- **Supplied data**:
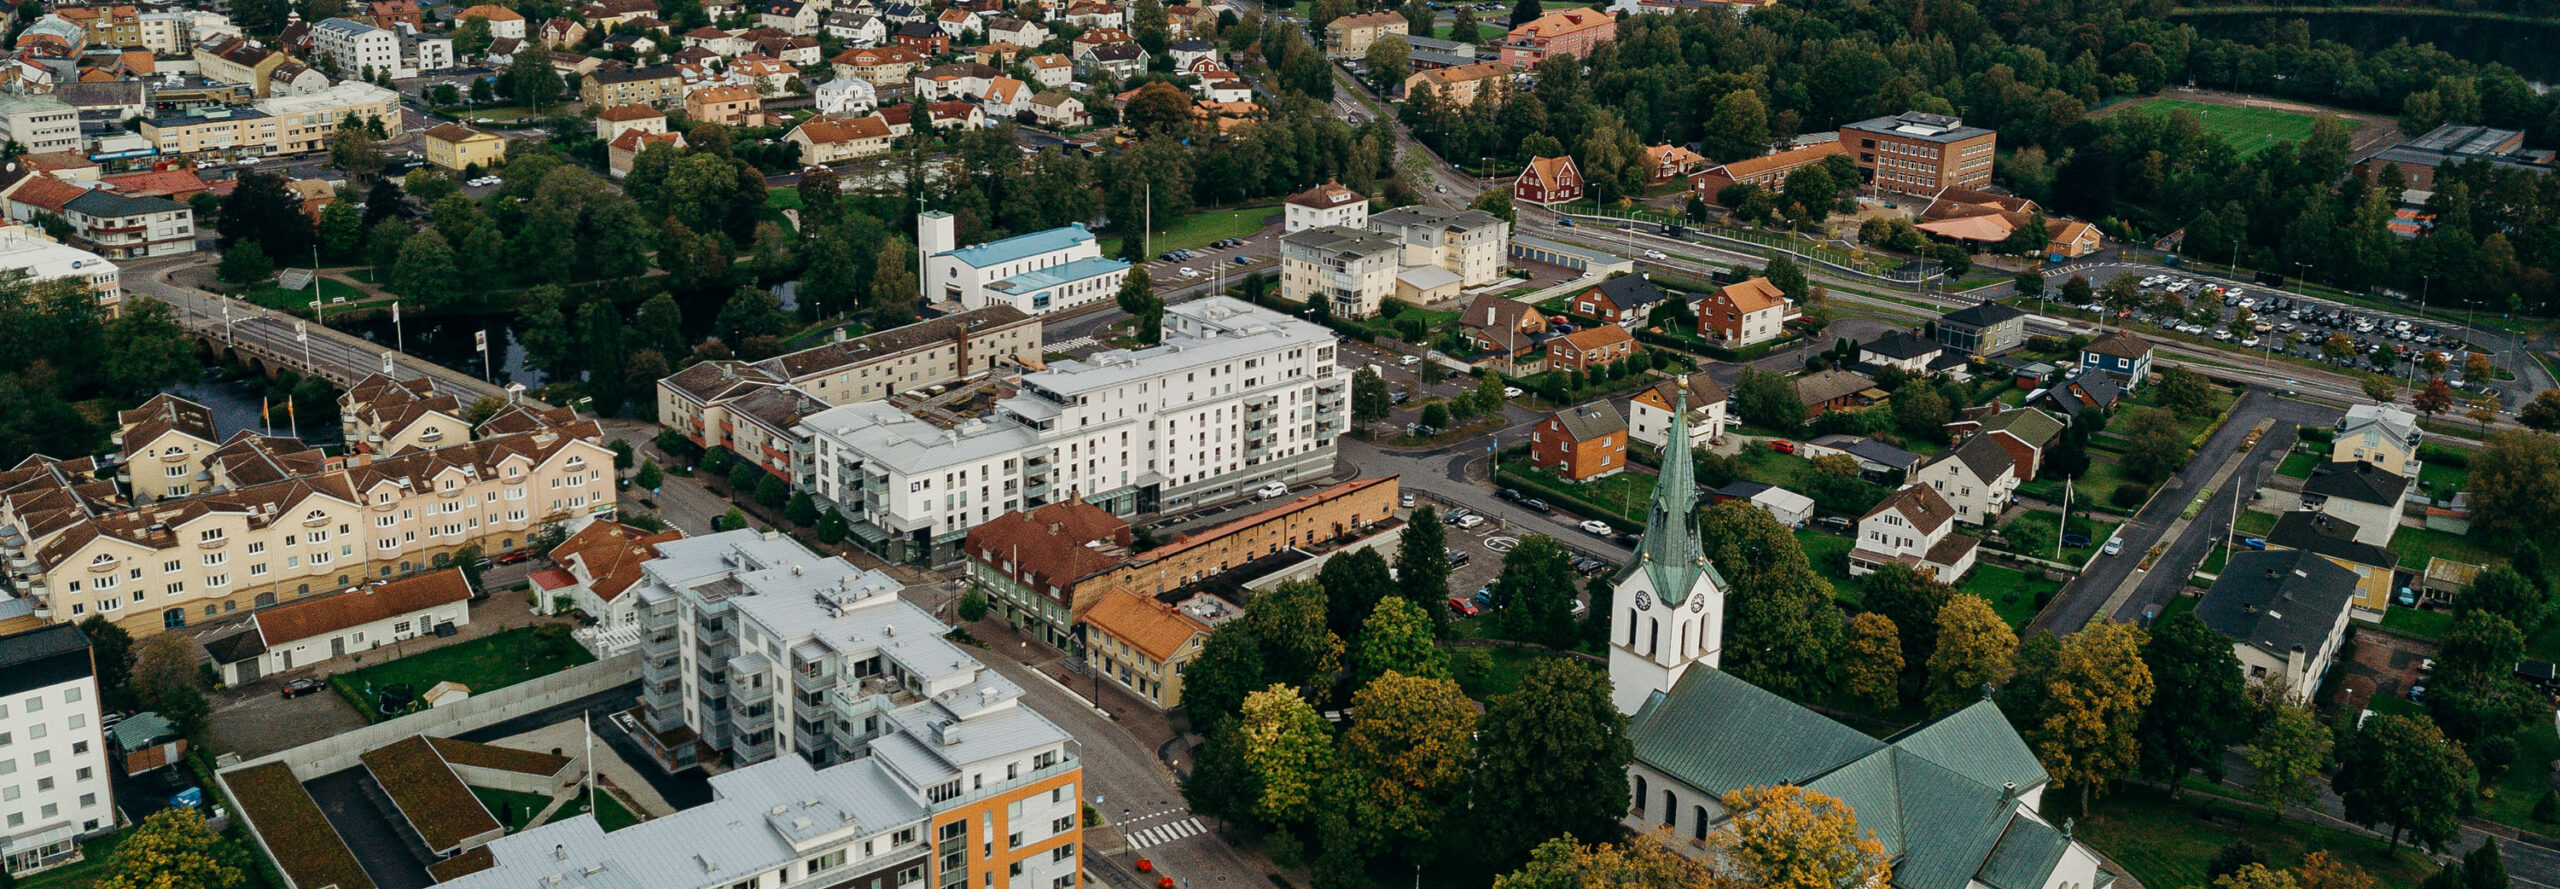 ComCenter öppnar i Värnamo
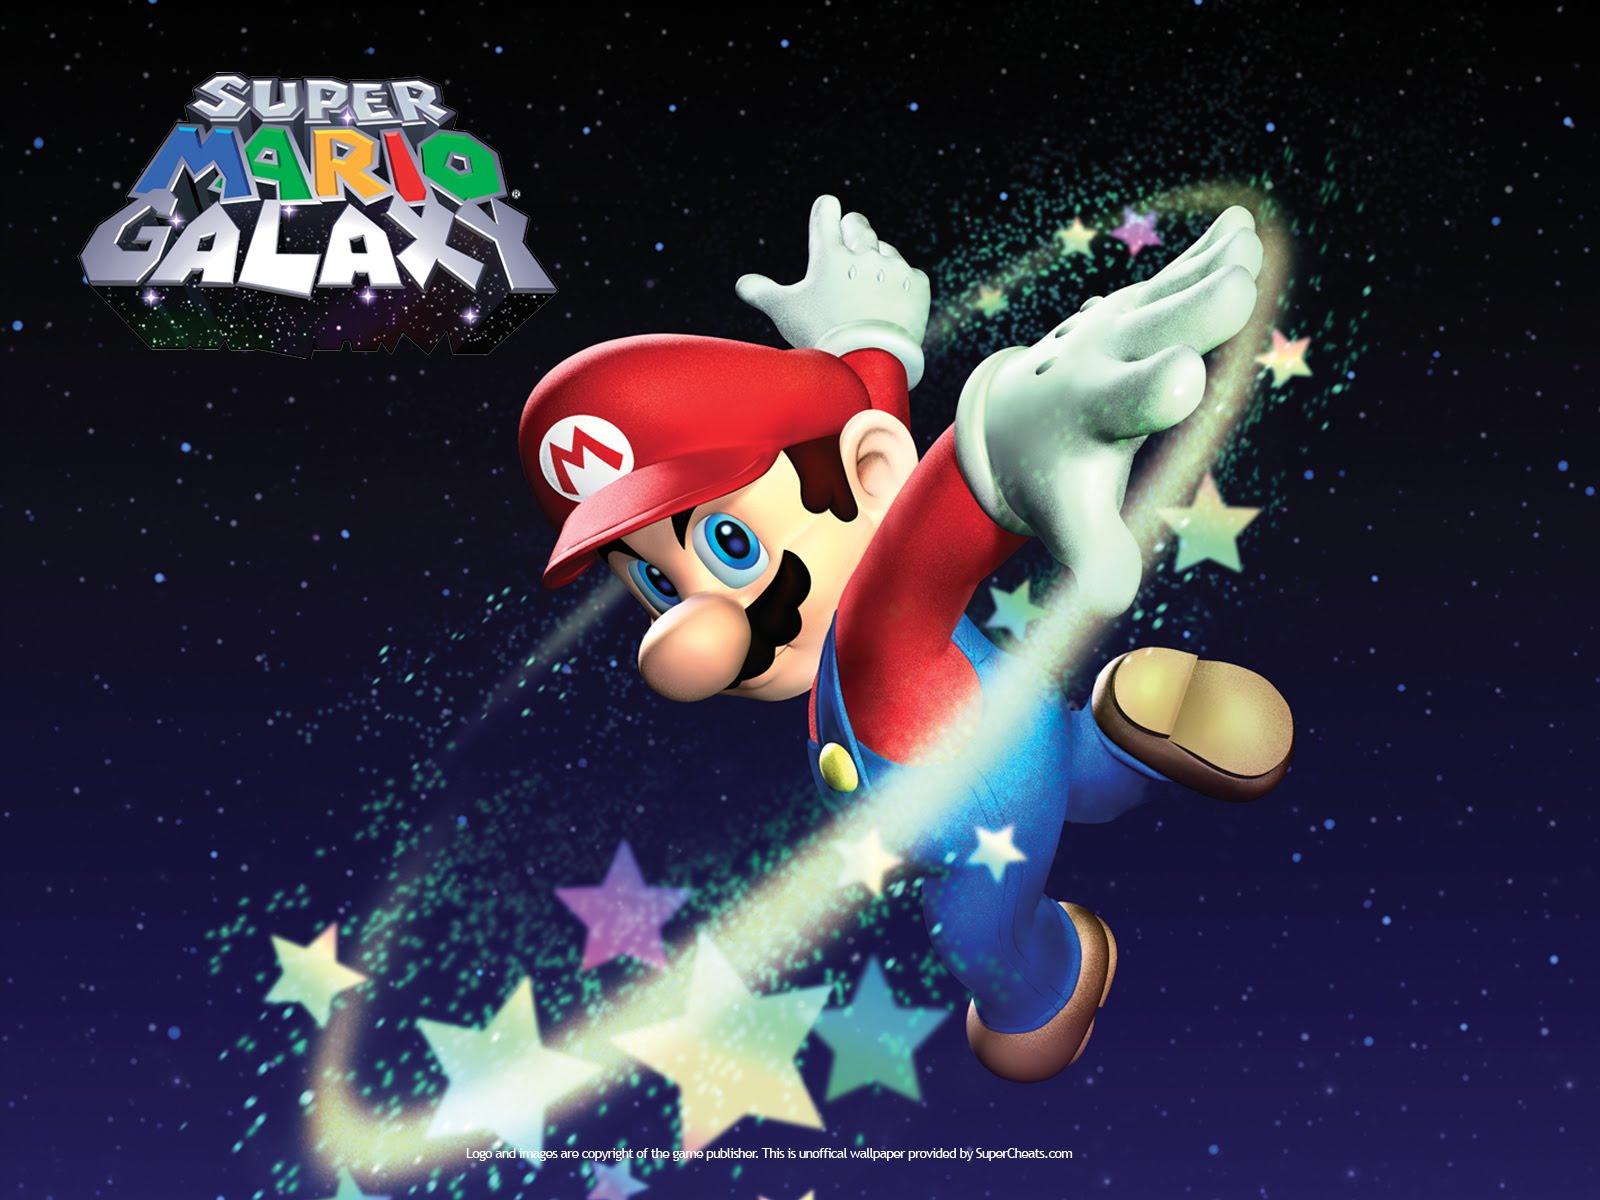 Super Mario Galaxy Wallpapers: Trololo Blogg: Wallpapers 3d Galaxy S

* * *

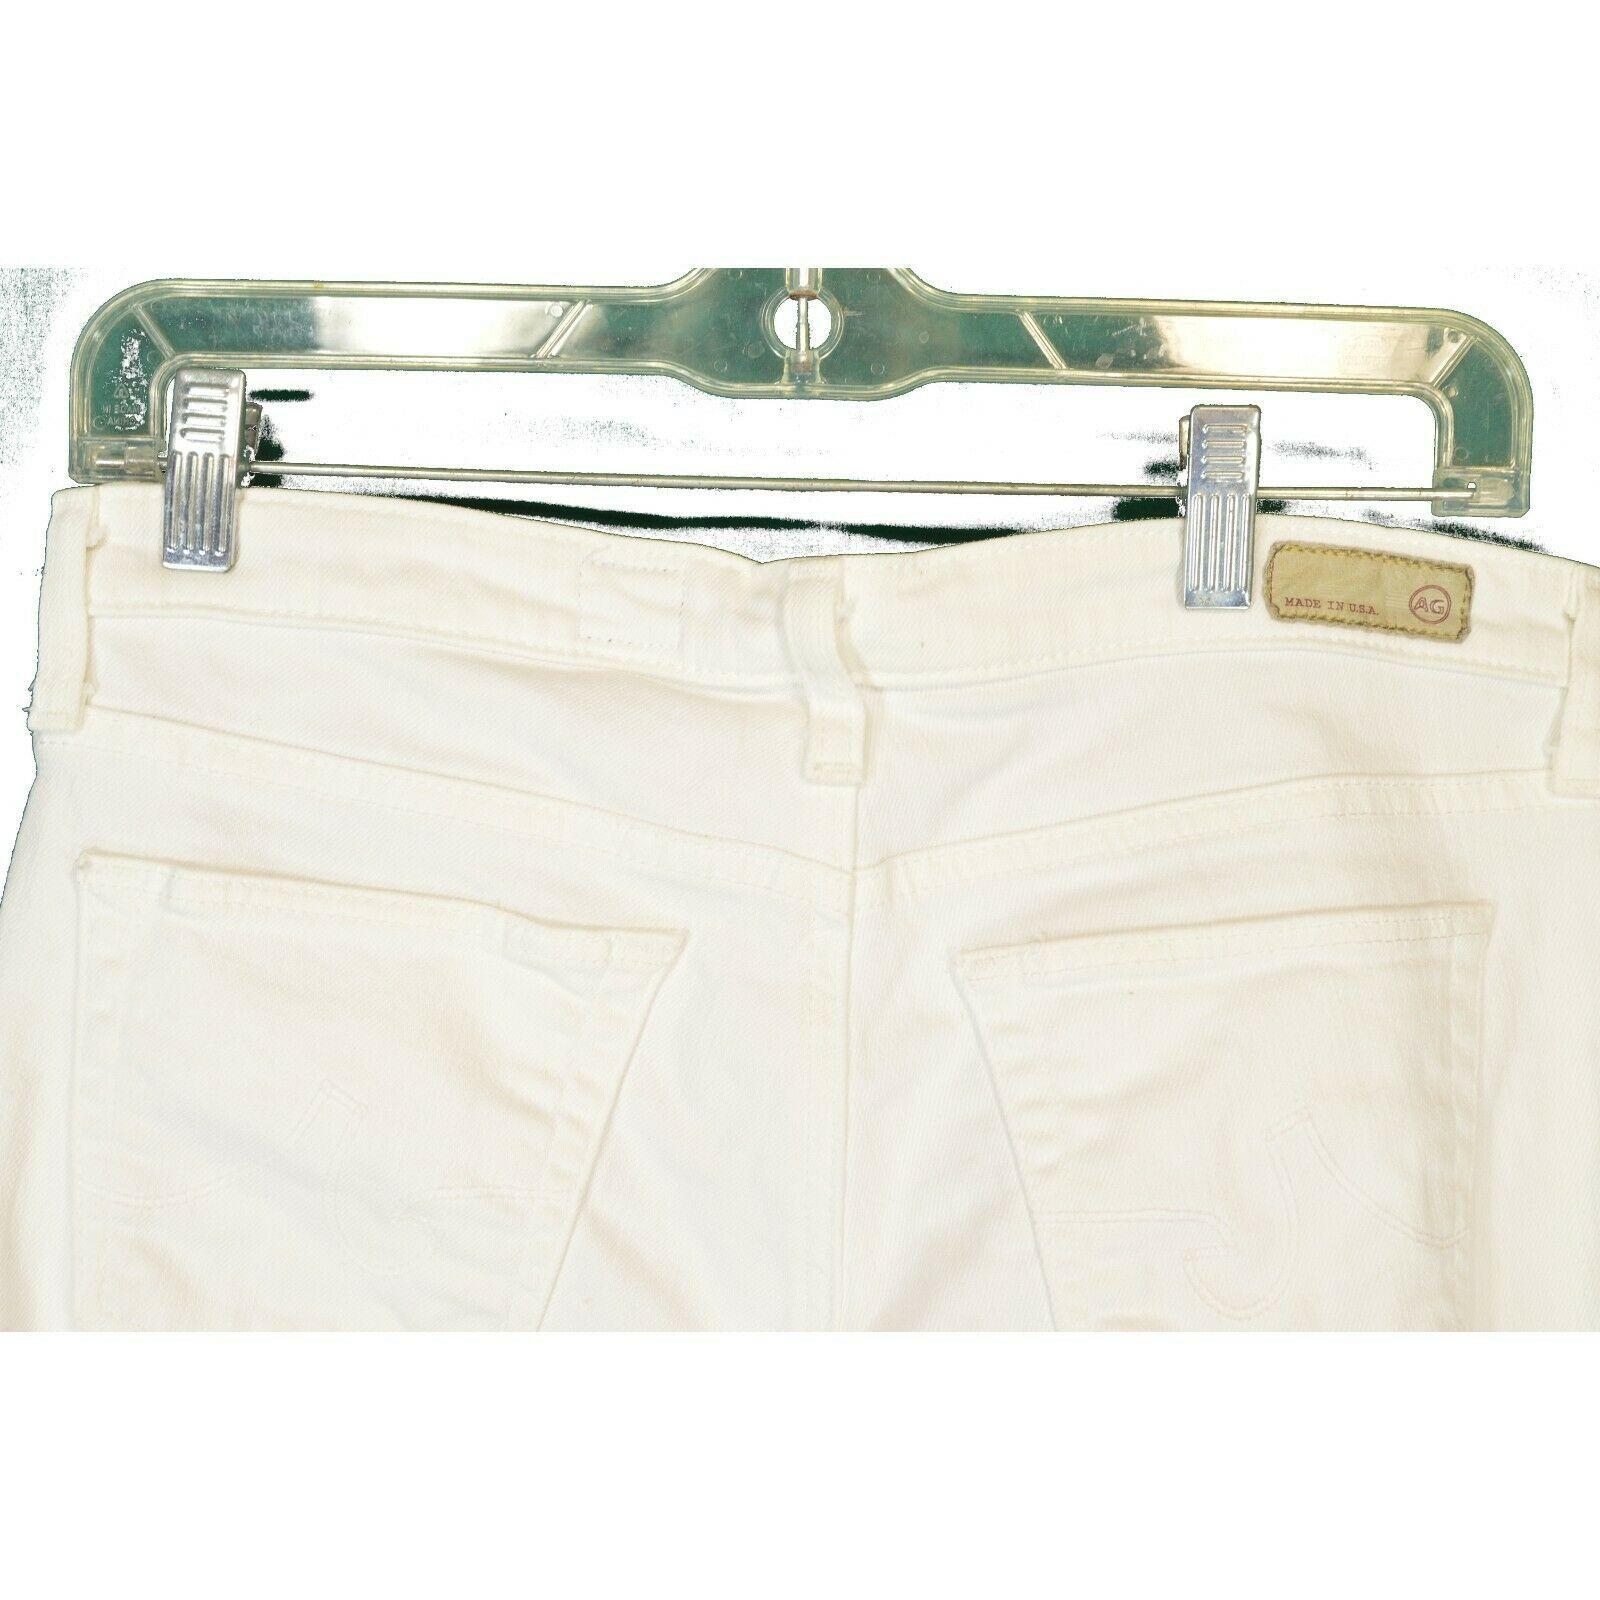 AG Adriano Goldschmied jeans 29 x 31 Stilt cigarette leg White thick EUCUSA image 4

--

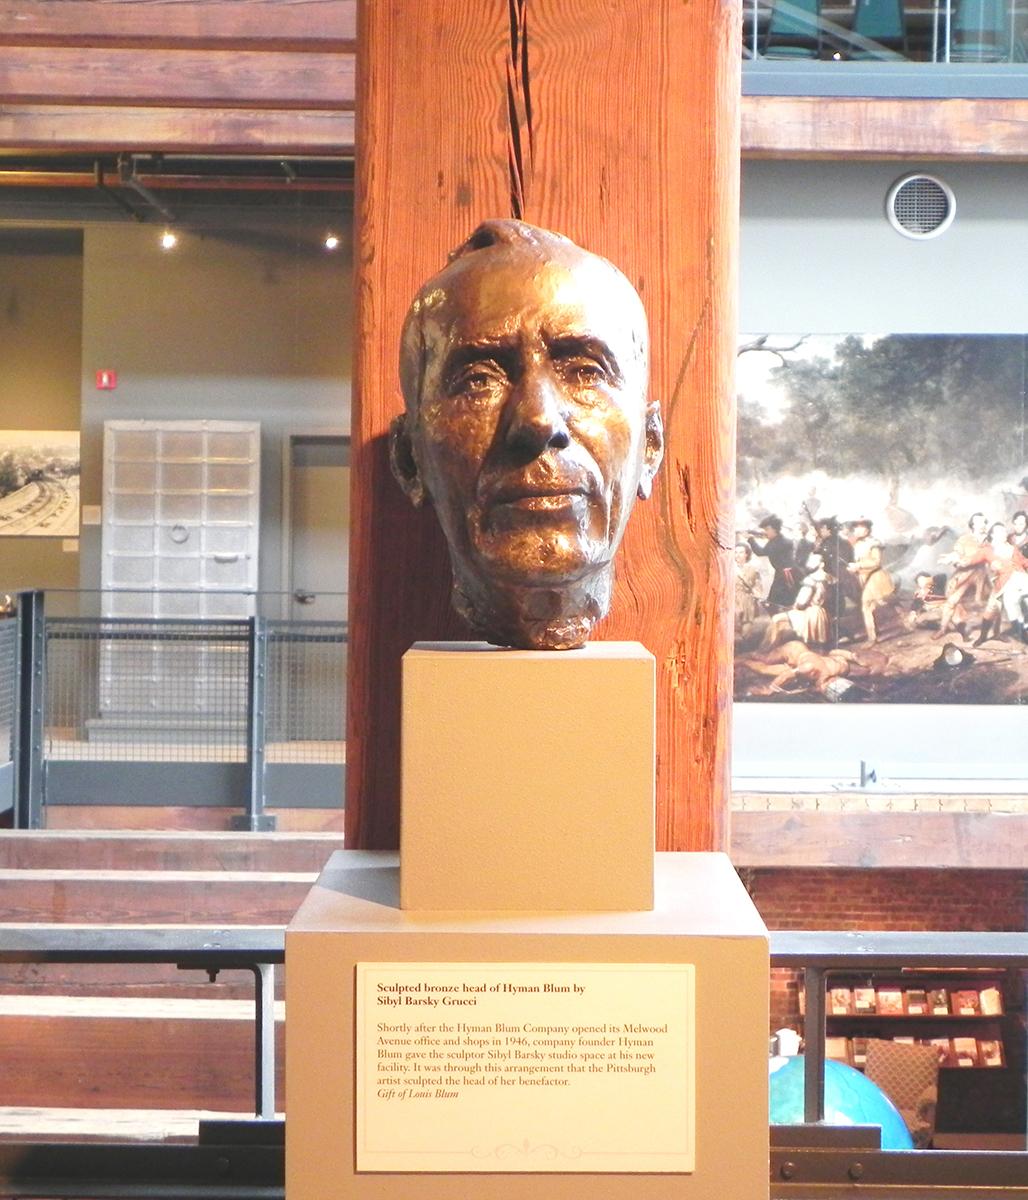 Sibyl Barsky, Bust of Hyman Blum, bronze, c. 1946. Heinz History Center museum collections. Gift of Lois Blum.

- **Your assignment**: Return exactly the lines of the material above, starting at the line containing "ComCenter öppnar i Värnamo" and finishing at the line containing "Super Mario Galaxy", without any pictures.

- **Solution to this task**:
 ComCenter öppnar i Värnamo
 Super Mario Galaxy Wallpapers: Trololo Blogg: Wallpapers 3d Galaxy S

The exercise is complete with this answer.